Recognise & remove corrupted jpeg files

Shotwell started to crash on my computer. I have realised it’s due to corrupted JPEG files in my picture directory. I have started to remove corrupted files by hand, based on entries from shotwell log.cache/shotwell/shotwell.log. However after removal of several files, I have noticed corrupted JPEG are spread all over my photos. Luckily, there is simple way of detecting corrupted jpeg files using Python Imaging Library (PIL).

  1. First, clear shotwell cache
  2. Note, this will remove all you libraries from shotwell!

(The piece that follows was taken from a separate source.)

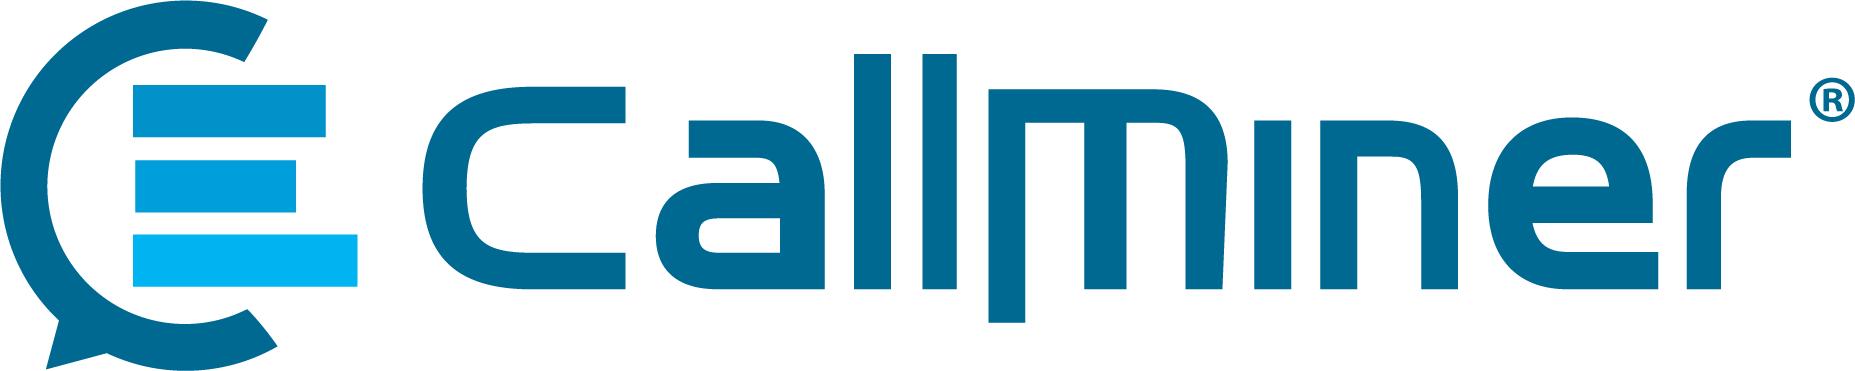 CallMiner, Inc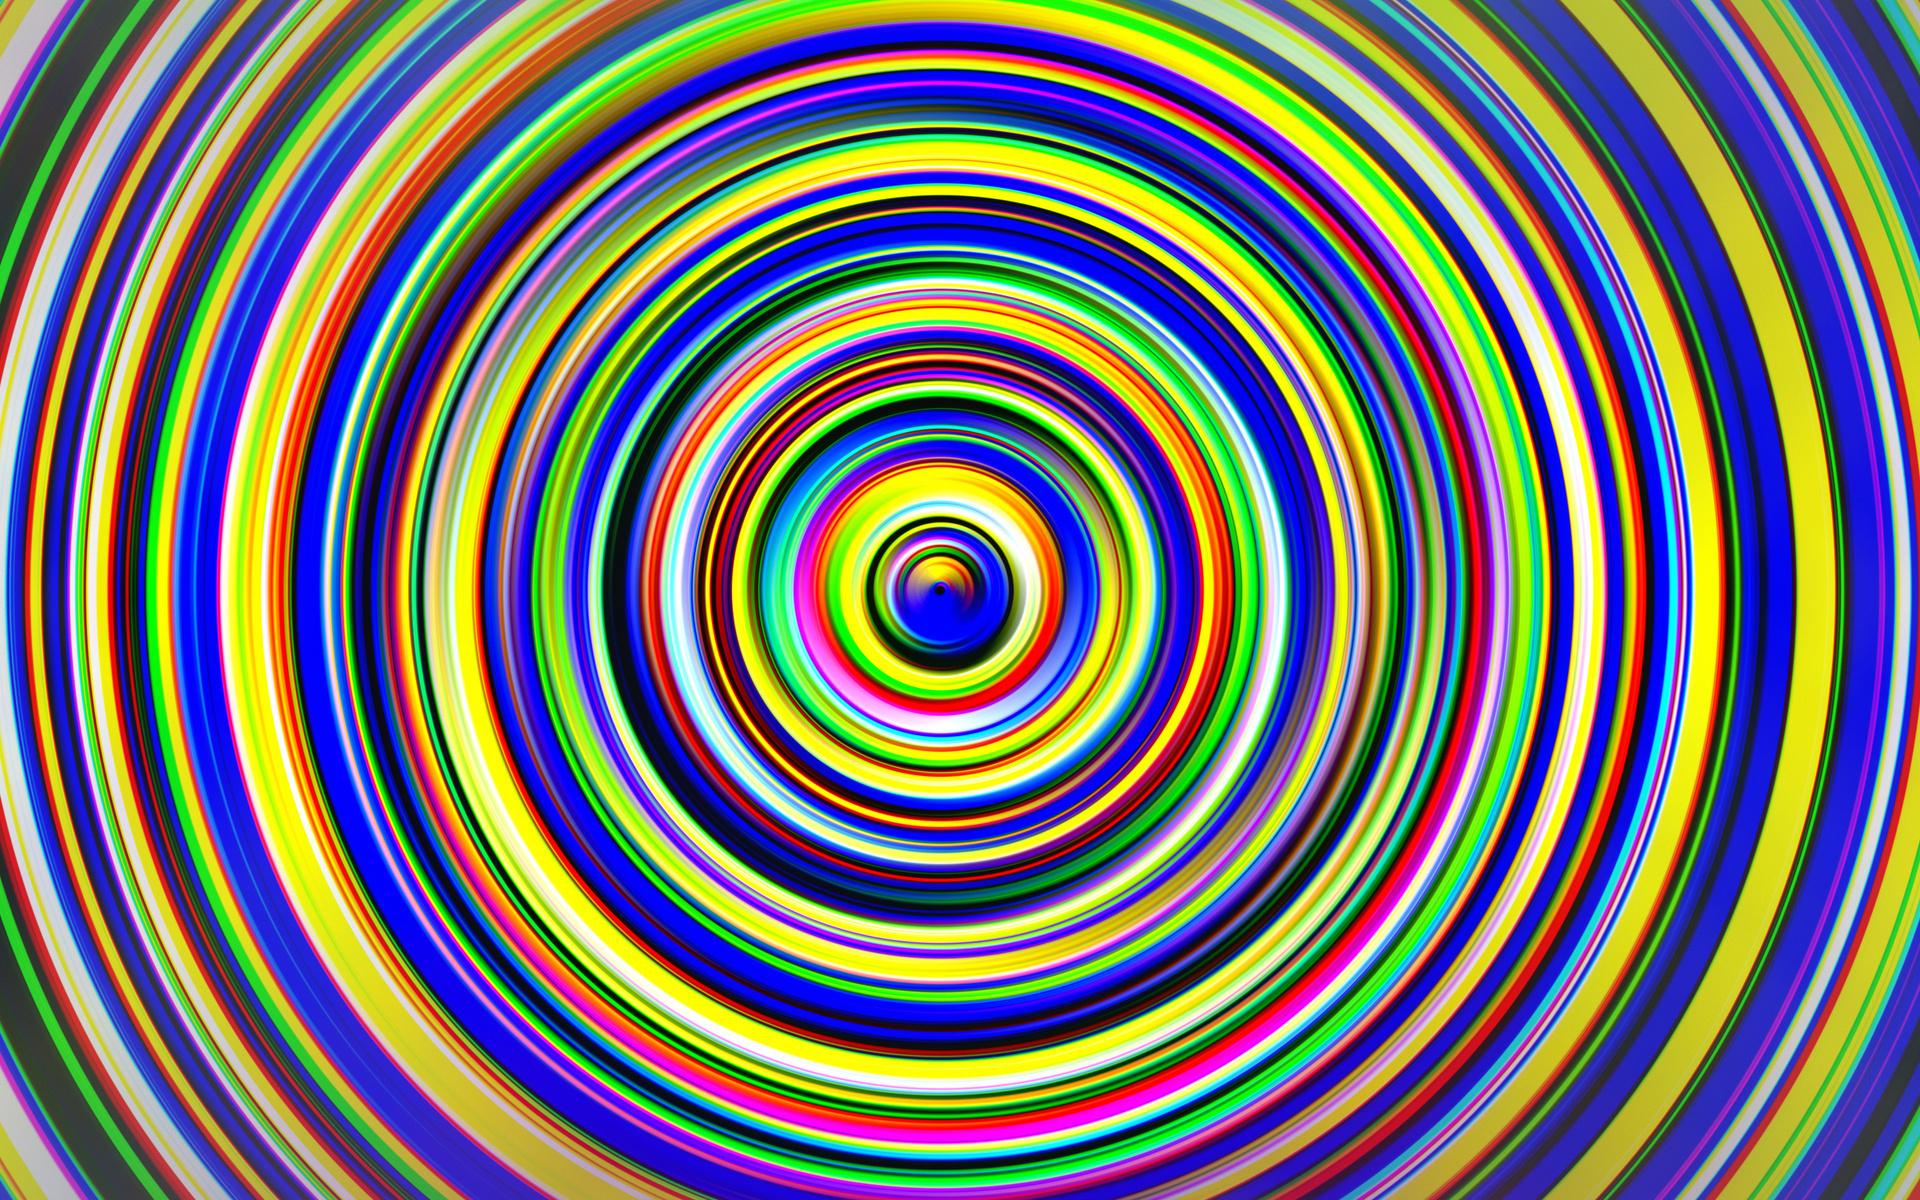 abstract brain wallpaper mind - photo #15

    rm -r ./.cache/shotwell ./.local/share/shotwell
  3. Install dependencies
  4. sudo easy_install -U PIL Send2Trash
  5. And run python
  6. Below code will move all corrupted .jpg and .jpeg files to system trash.

      import os, sys
      from PIL import Image
      from send2trash import send2trash
       
      def is_jpg(filename):
        try:
          i=Image.open(filename)
          return i.format =='JPEG'
        except IOError:
          return False
       
      cdir = "."
      if len(sys.argv)>1:
        cdir = sys.argv[1]
      i=j=k=0
      for root, dirs, fnames in os.walk(cdir):
        sys.stderr.write(" %s\n"% root)
        j += 1
        dirs.sort()
        jpegs = filter(lambda fn: fn.lower().endswith((".jpg",".jpeg")), fnames)
        for fn in jpegs:
          fpath = os.path.join(root, fn)
          if not is_jpg(fpath):
            sys.stderr.write("  %s\n"%fn)
            send2trash(fpath)
            k += 1
        i += len(jpegs)
       
      print "%s files scanned in %s dirs. %s files removed."%(i, j, k)